Le football comme outil de gestion de l’incertitude sur le marché des biens : concurrence sportive européenne et financement mondialisé

Dans le document Jérémie  BASTIEN   THÈSE (Page 111-114)

Régime international

2.1. Le football comme construit historique et social : du football professionnel au football européen

2.1.3. Le football comme outil de gestion de l’incertitude sur le marché des biens : concurrence sportive européenne et financement mondialisé

La troisième et dernière période reconnue dans la littérature spécialisée s’est ouverte dans les années 1970 et perdure aujourd’hui. Une rupture majeure mise en avant par de nombreux chercheurs est la commercialisation des JO dans les années 1980. En effet, l’amateurisme et les valeurs coubertiennes des JO ont toujours freiné la pénétration massive d’intérêts financiers dans le sport. L’olympisme garantissait une frontière entre sport et économie, notamment parce que les sportifs professionnels ne pouvaient pas participer aux JO. Pour autant, les relations entre ces deux sphères étaient réelles dans certains sports à l’image du football.

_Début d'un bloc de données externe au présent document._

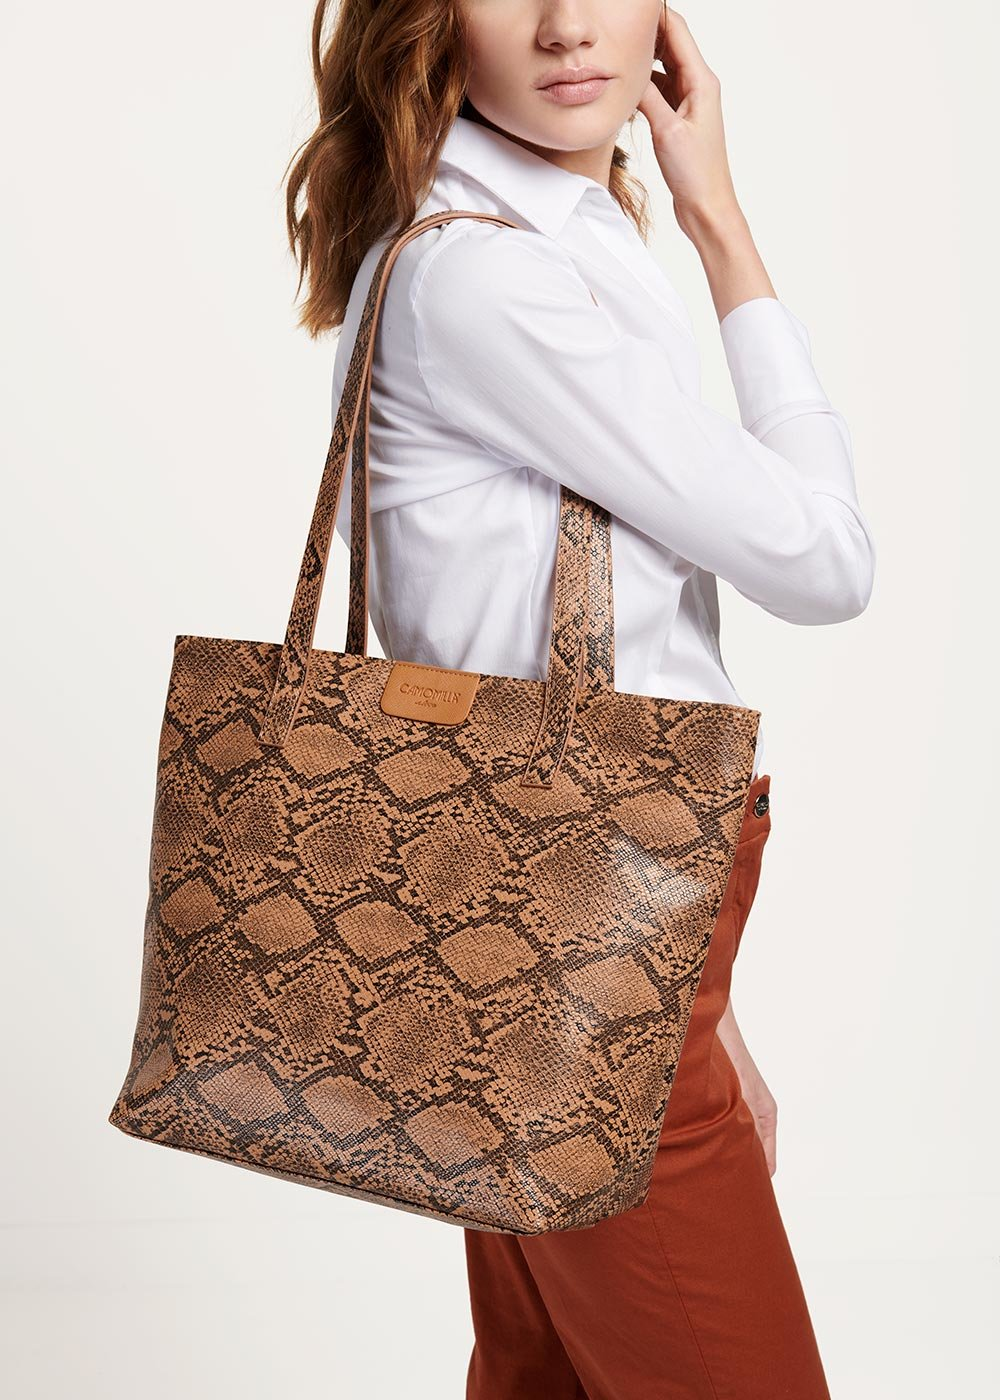 Shopping bag Badiax - Suolo Animalier - Donna

Les JO limitaient la marchandisation du sport. L’autorisation de l’exploitation commerciale des anneaux olympiques en 1981 ainsi que la privatisation du financement des JO de Los Angeles en 1984 qui a notamment abouti à la mise en place d’un programme de marketing des JO, ont nettement intensifié les relations entre la sphère sportive

et la sphère économique. Le sport bascule pleinement dans une logique commerciale. D’autant plus que le développement de la télévision contribue à affirmer son rôle dans le sport. Le sport spectacle est rapidement devenu un support privilégié des télévisions. En 1989,

Eurosport, chaîne de télévision dédiée à la diffusion du sport, est d’ailleurs créée par l’Union

européenne de radiodiffusion. Le football professionnel s’internationalise davantage dans la mesure où il produit une audience mondiale. Les compétitions européennes gagnent en popularité puisqu’elles permettent une confrontation entre les meilleurs clubs d’Europe qui stimule d’autant plus l’audience du football. La création de la Ligue des Champions en 1992 favorise cette concurrence européenne.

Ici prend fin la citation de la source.